Serum calprotectin as promising diagnostic aid in predicting relapse in proteinase 3-antineutrophil cytoplasmatic antibodies-associated vasculitis

The recently published article of Pepper and colleagues (1) focuses on the deficit in diagnostic aids for predicting recurrent disease in antineutrophil cytoplasmatic antibodies (ANCA)-associated vasculitis (AAV). Although the diagnostic value of ANCA in AAV is well established and undisputed, the clinical benefit of ANCA for disease monitoring seems to be limited to targeted determination in patients clinically suspected for relapse (2,3), in patients with renal disease (4), and in patients that received plasmapheresis for severe AAV (5).
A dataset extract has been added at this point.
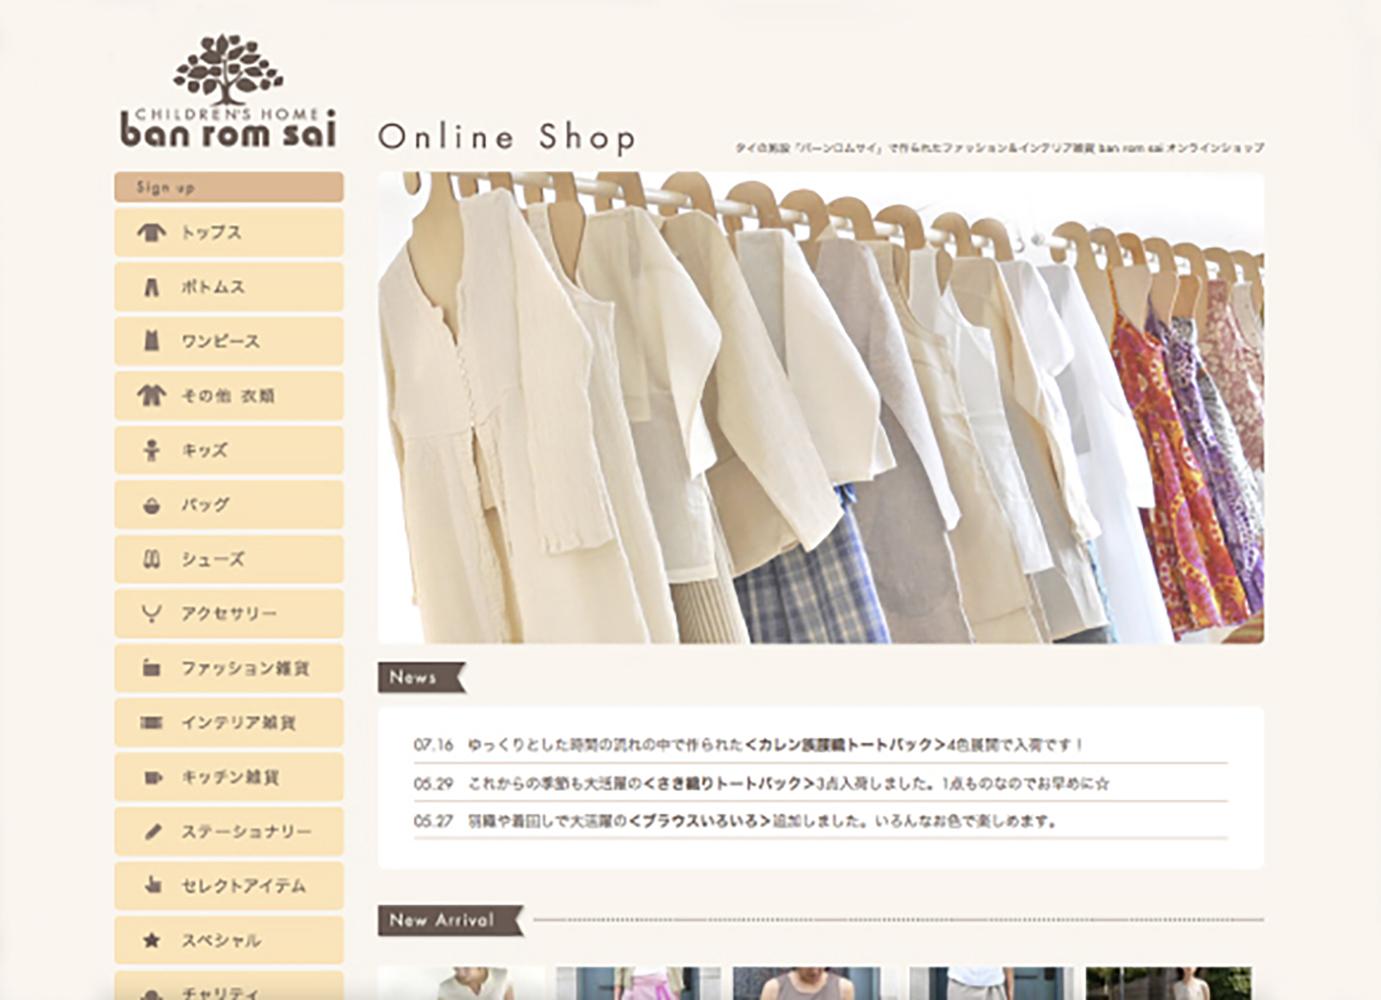 オンラインショップサイトデザイン

New biomarkers for prediction of recurrent AAV disease remain of major interest. Relapses in AAV are common and can lead to irreversible organ damage, higher risk of infections and chronic comorbidities, secondary to vasculitis or its treatment (6-8). Patients who were diagnosed before development of advanced renal insufficiency have a better prognosis. Combining identification of the disease phenotype at risk for relapse with appropriate use of readily available validated biomarkers that can predict relapses should guide an optimally targeted maintenance therapy. Several studies have found that a diagnosis of granulomatosis with polyangiitis (GPA) [versus microscopic polyangiitis (MPA)], proteinase 3 (PR3)-ANCA [versus myeloperoxidase (MPO)-ANCA] and having had relapses in the past confer the highest risk for subsequent relapses (3).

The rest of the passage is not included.